| YOUR INSTRUCTIONS |
Without the images, reproduce each line of the material exactly.

| DATASET EXTRACT |
════════════════

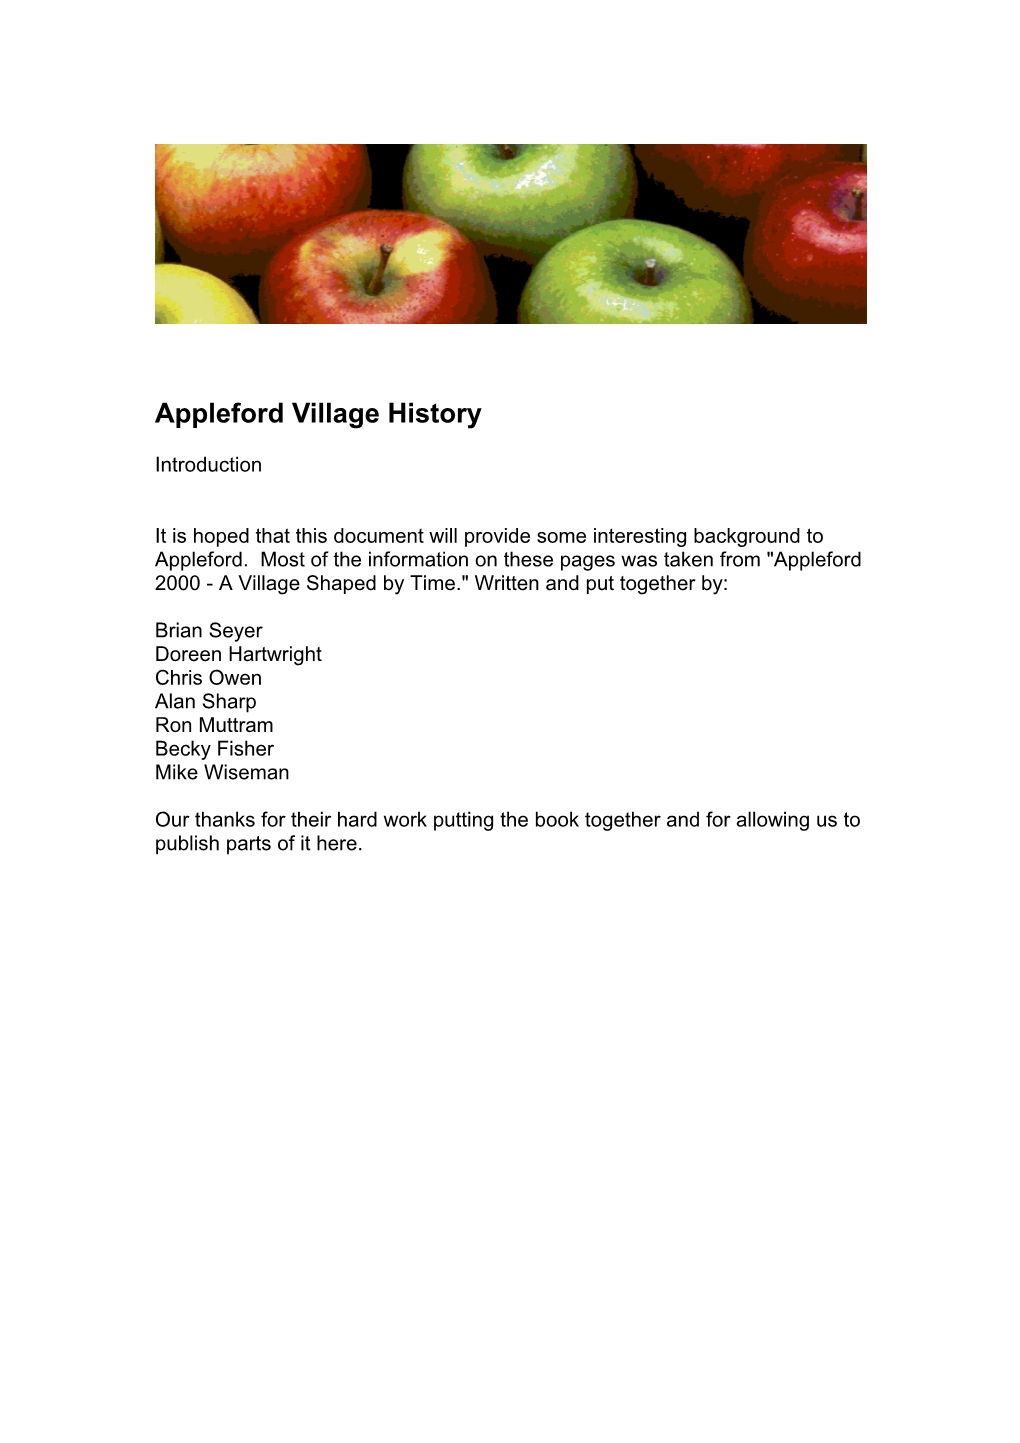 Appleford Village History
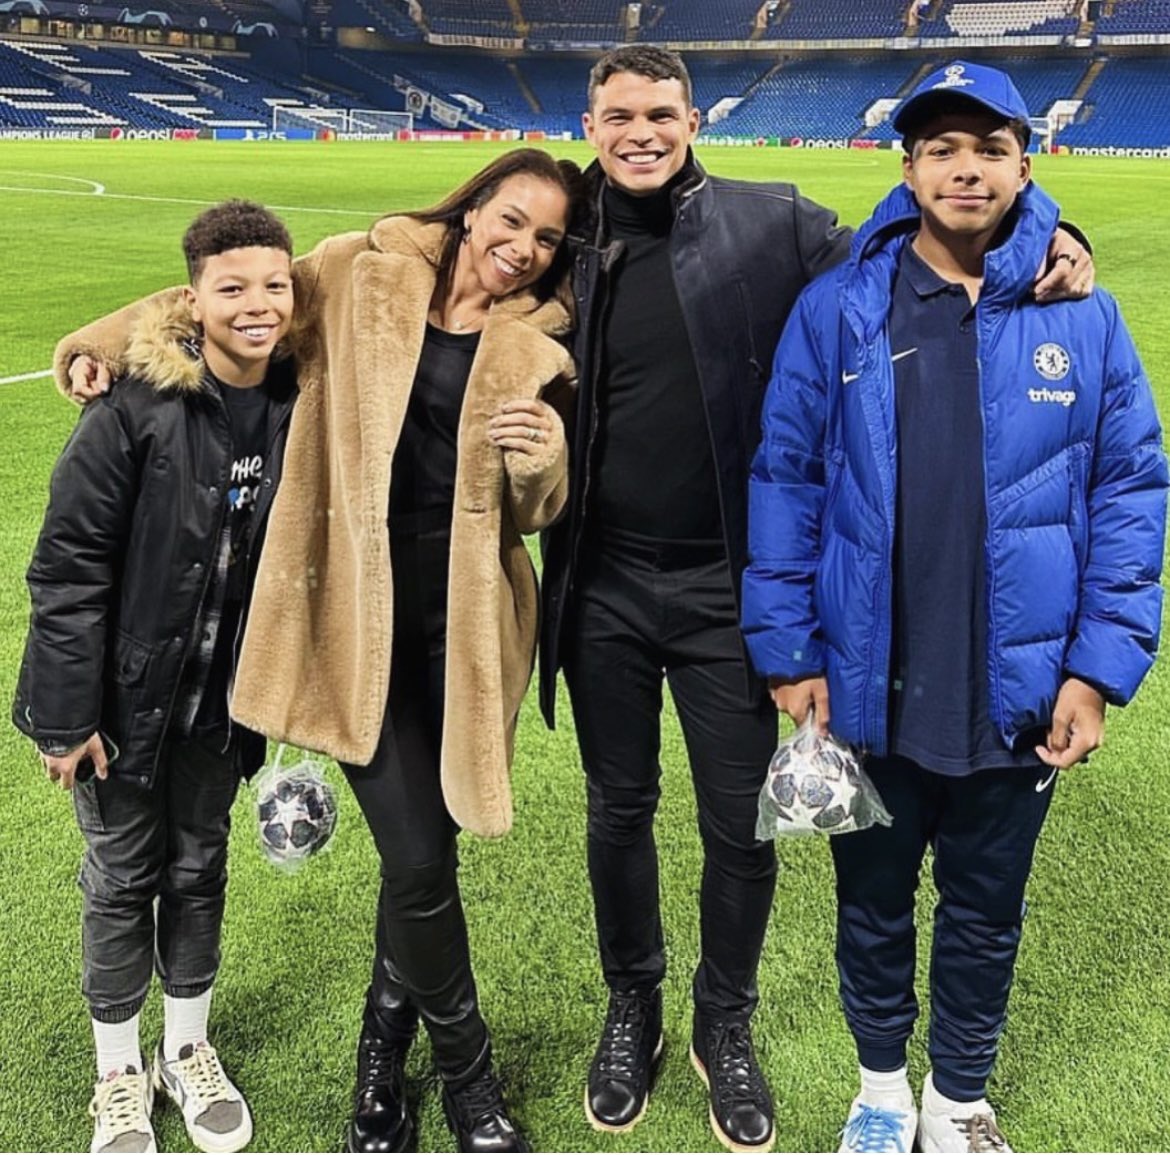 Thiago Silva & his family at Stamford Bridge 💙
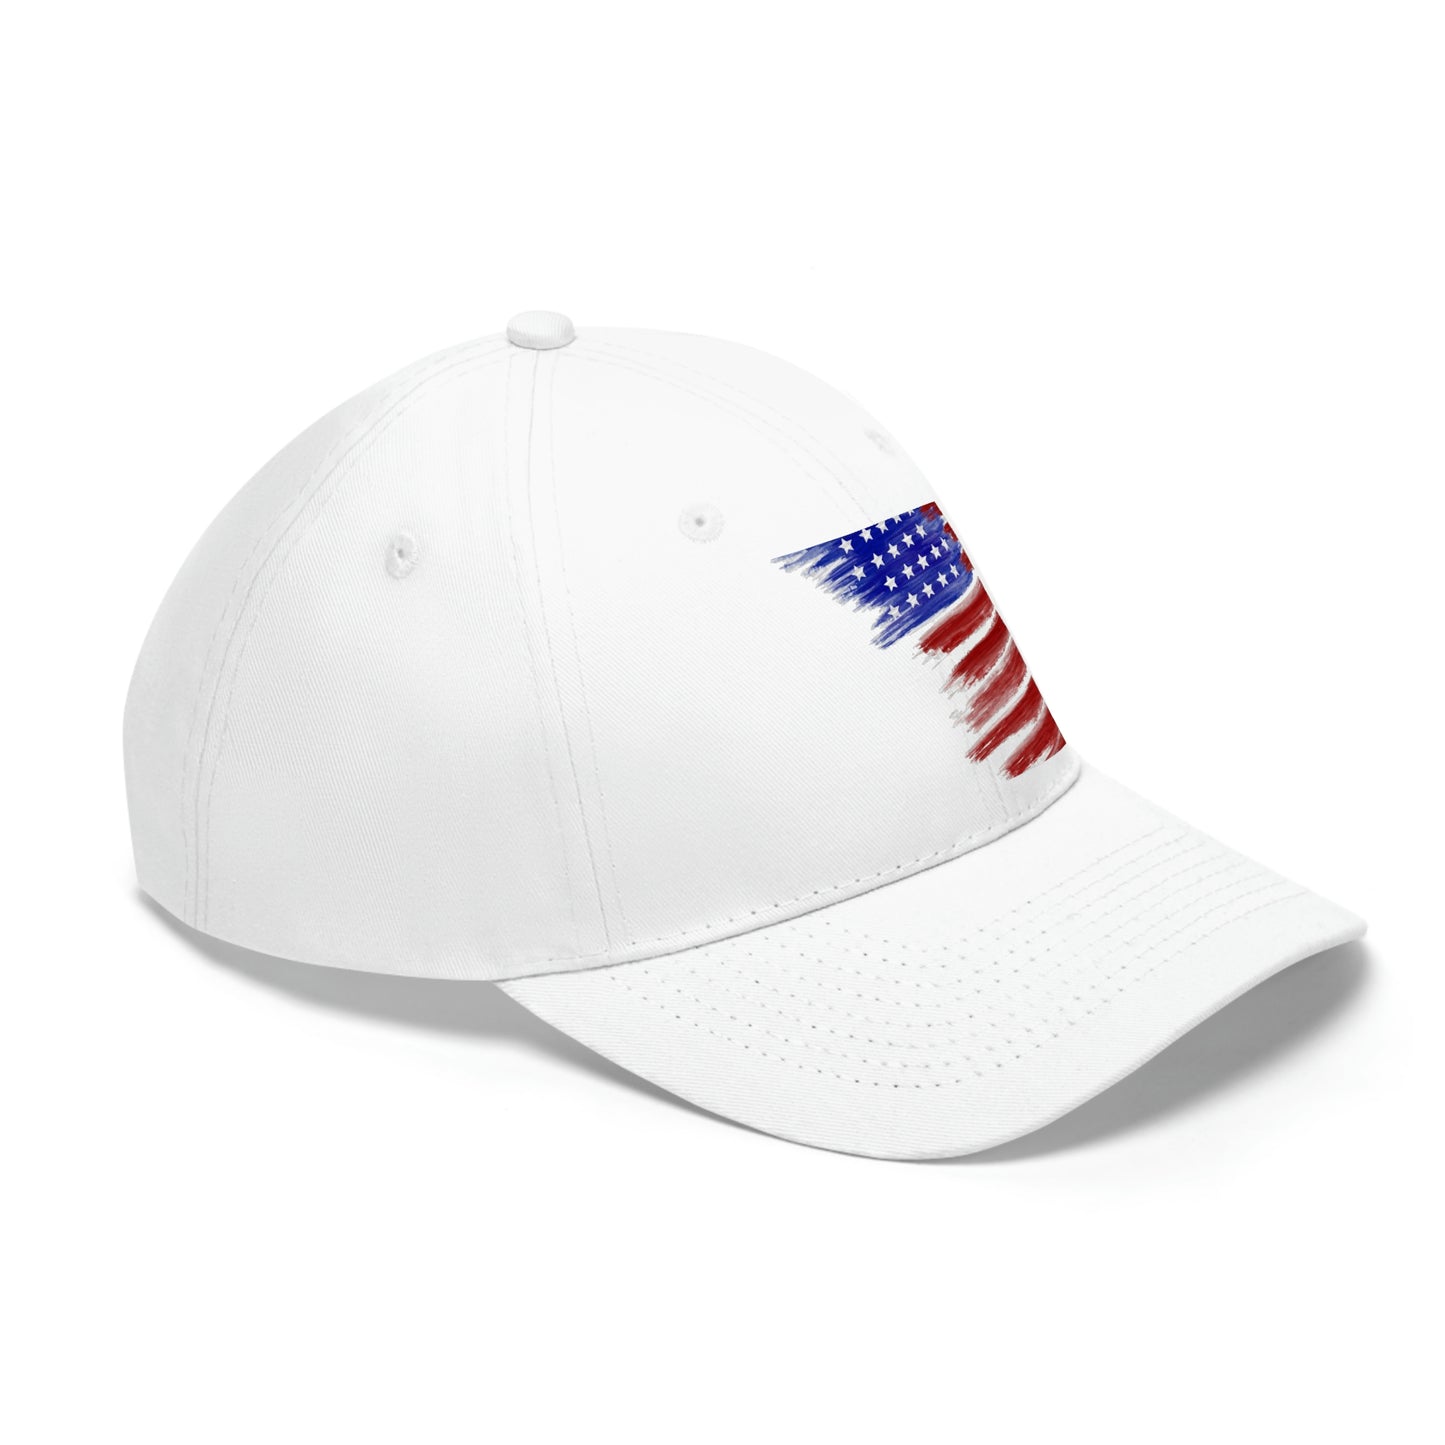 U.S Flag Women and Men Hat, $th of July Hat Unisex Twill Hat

════════════════

| WRITTEN RESPONSE |
 Appleford Village History
 Thiago Silva & his family at Stamford Bridge 💙
 U.S Flag Women and Men Hat, $th of July Hat Unisex Twill Hat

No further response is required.